The theme-component [TC-1] allows us to avoid many technical and difficult issues encountered in estimating the theoretical information measurement [19,20]. [TC-1] and [TC-2] together make CEDA’s major factor selection protocol very distinct to model-based feature selection based on mutual information evaluations [21,22,23,24], while [TC-3] makes CEDA’s inferences realistic, and [TC-4] makes CEDA to provide authentic information content with very wide applicability.

For specifically illustrating these four theme-components, we consider a structured data set consisting of data points that are measured and collected in a $L + K$ D vector format with respect to $L + K$ features. The first L components are the designated response (Re) features’ measurements or categories, denoted as $Y = {(Y_{1}, \dots, Y_{L})}^{'}$ , and the rest of K components are K covariate (Co) features’ measurements or categories, denoted as ${V_{1}, \dots, V_{K}}$ . It is essential to note that some or even all covariate features could be categorical. Thus, data analysts’ task is prescribed as precisely extracting the authentic associative relations between $Y$ and ${V_{1}, \dots, V_{K}}$ based on a structured data set.

By extracting authentic associations between response and covariate features, various Theoretical Information Measurements are employed under the structured data setting in [13,14,15,16,17]. In particular, Re-Co directional associations developed in CEDA and its major factor selection protocol rely on evaluations of Shannon conditional entropy (CE) and mutual information ( $I [R e; C o]$ ) that are all carried out upon the contingency table platform. This platform is indeed very flexible and adaptable to the number of features on row- and column-axes as well as the total size of data points. Such a key characteristic makes CEDA very versatile in applicability. We explain in more detail as follows.

On the response side, a collection of categories of response features (pertaining to $Y$ ) is determined with respect to their categorical nature and sample size. Likewise, on the covariate side, a collection of categories for each 1D covariate feature (pertaining to $V_{k}$ for $k = 1, \dots K$ ) is chosen accordingly.

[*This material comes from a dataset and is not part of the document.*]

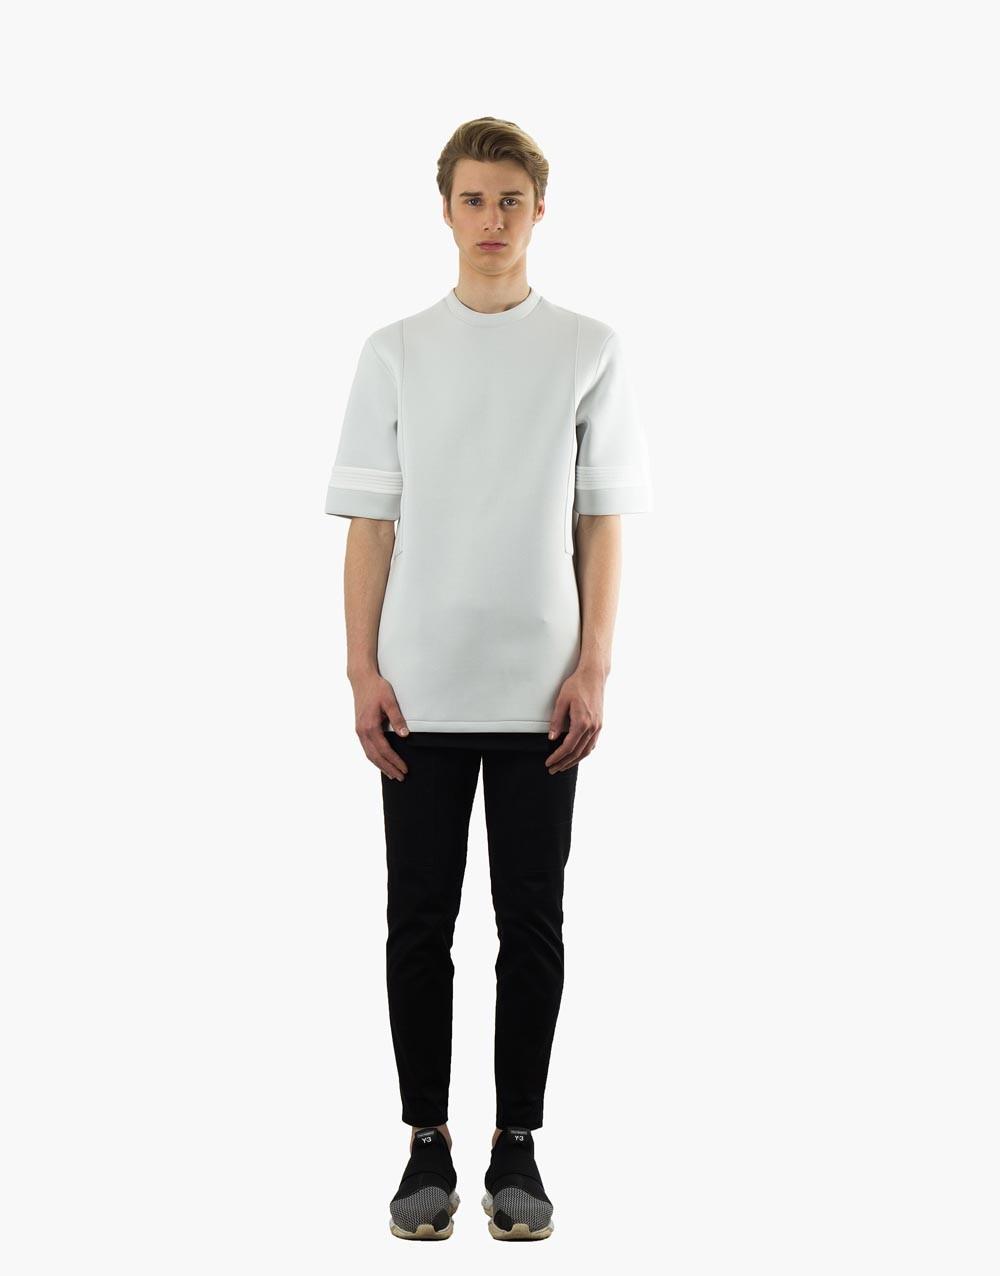 KEN t-shirt white front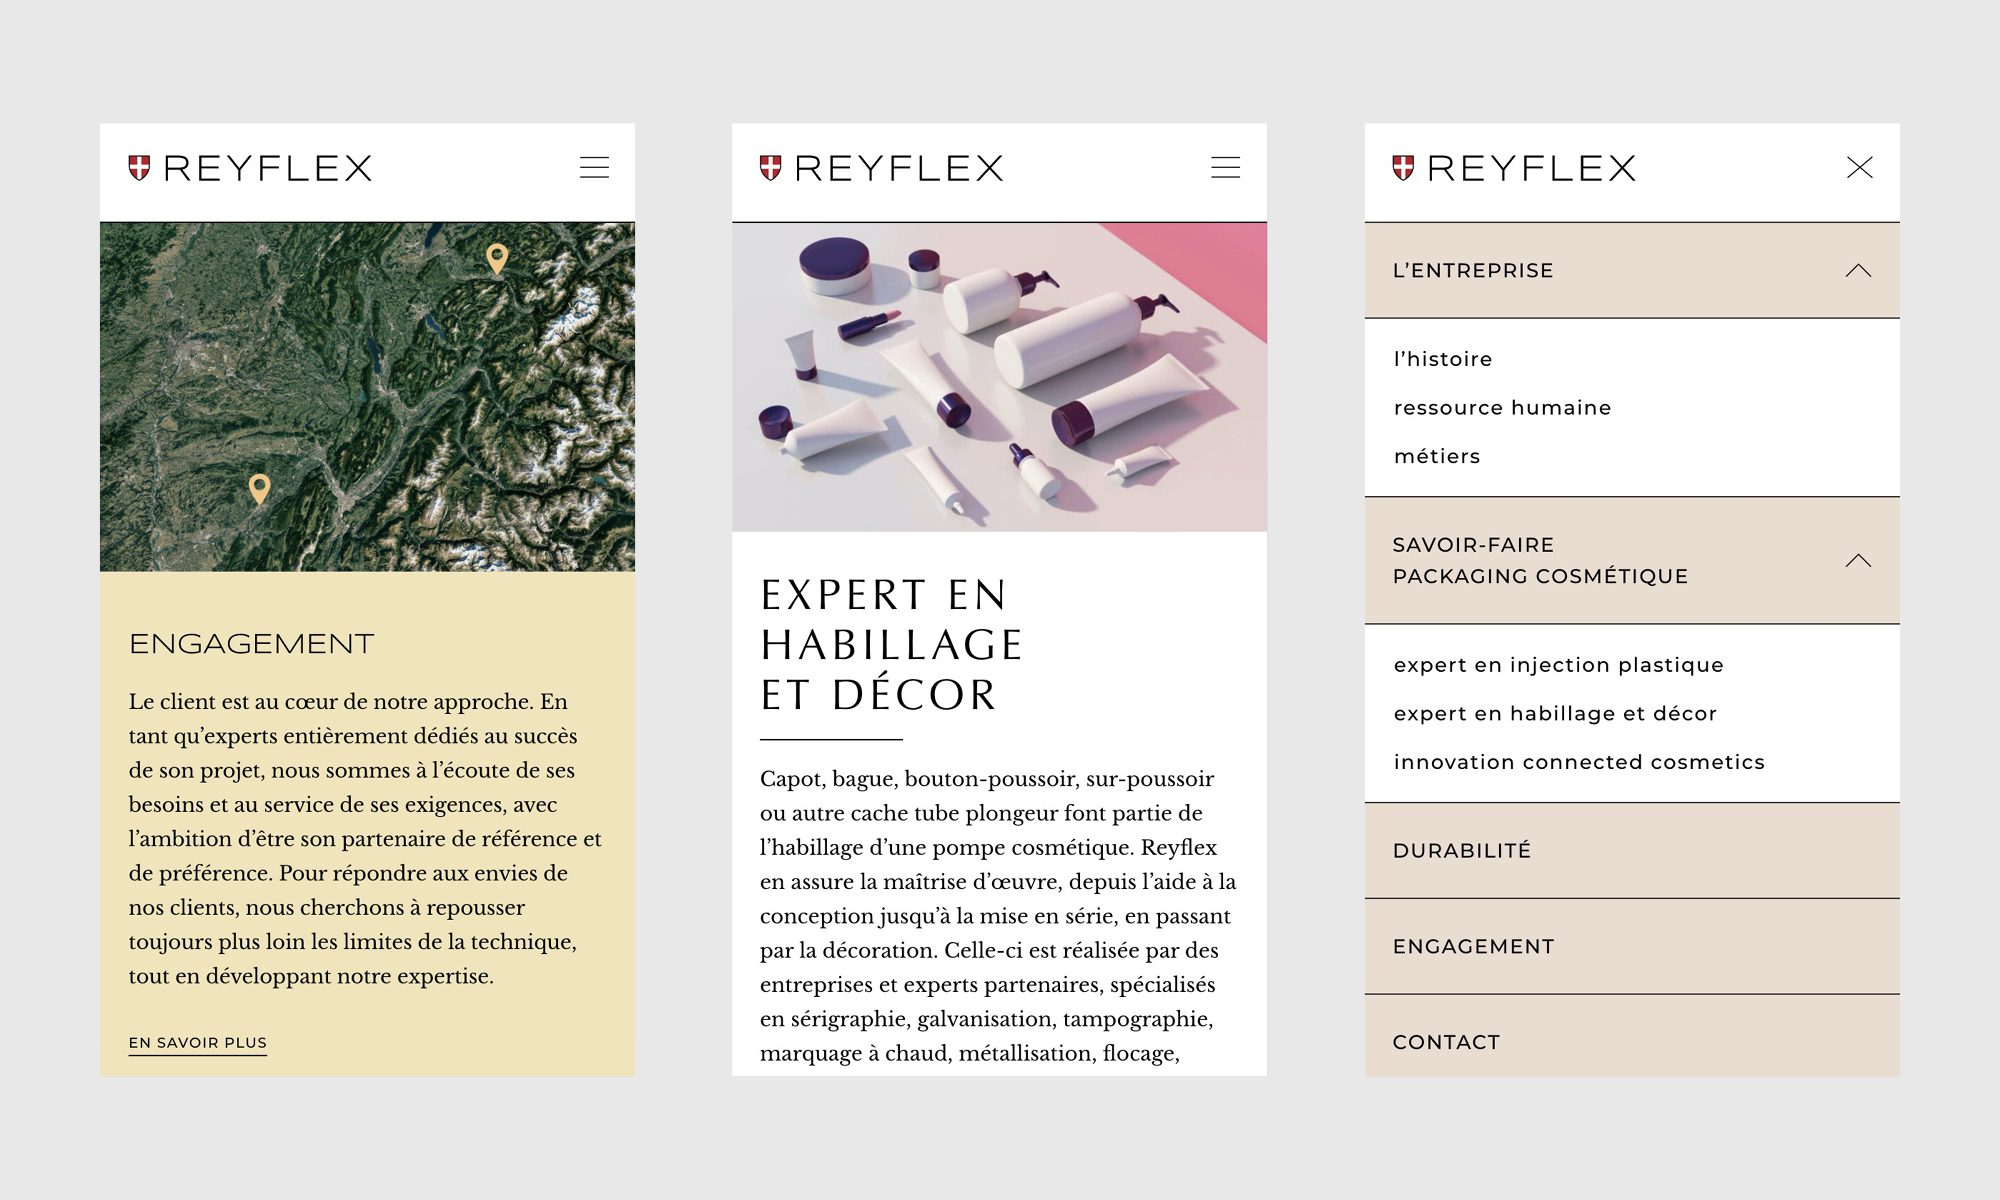 Le sitze Reyflex en version mobile, design responsive IchetKar

It is noted that a continuous feature is categorized with respect to its histogram [25]. If $L > 1$ , then the entire collection of response categories will consist of all non-empty cells or hypercubes of LD contingency tables. However, when L is large, the total number of LD hypercubes could be too large for a finite data set in the sense that many hypercubes are occupied by very few data points. This is known as the effect of the curse of dimensionality. To avoid such an effect, clustering algorithms, such as Hierarchical clustering or K-means algorithms, can also be performed for fusing the L response features (upon their original continuous measurement scales or their contingency tables when involving categorical ones) into one single categorical response variable. The number of categories can be pre-determined for K-means algorithm or determined by cutting a Hierarchical clustering tree in a fashion such as there is only one tree branch per category. The essential idea behind such feature-fusing operations is to retain the structural dependency among these L response features, while at the same time reducing the detrimental effect of the curse of dimensionality.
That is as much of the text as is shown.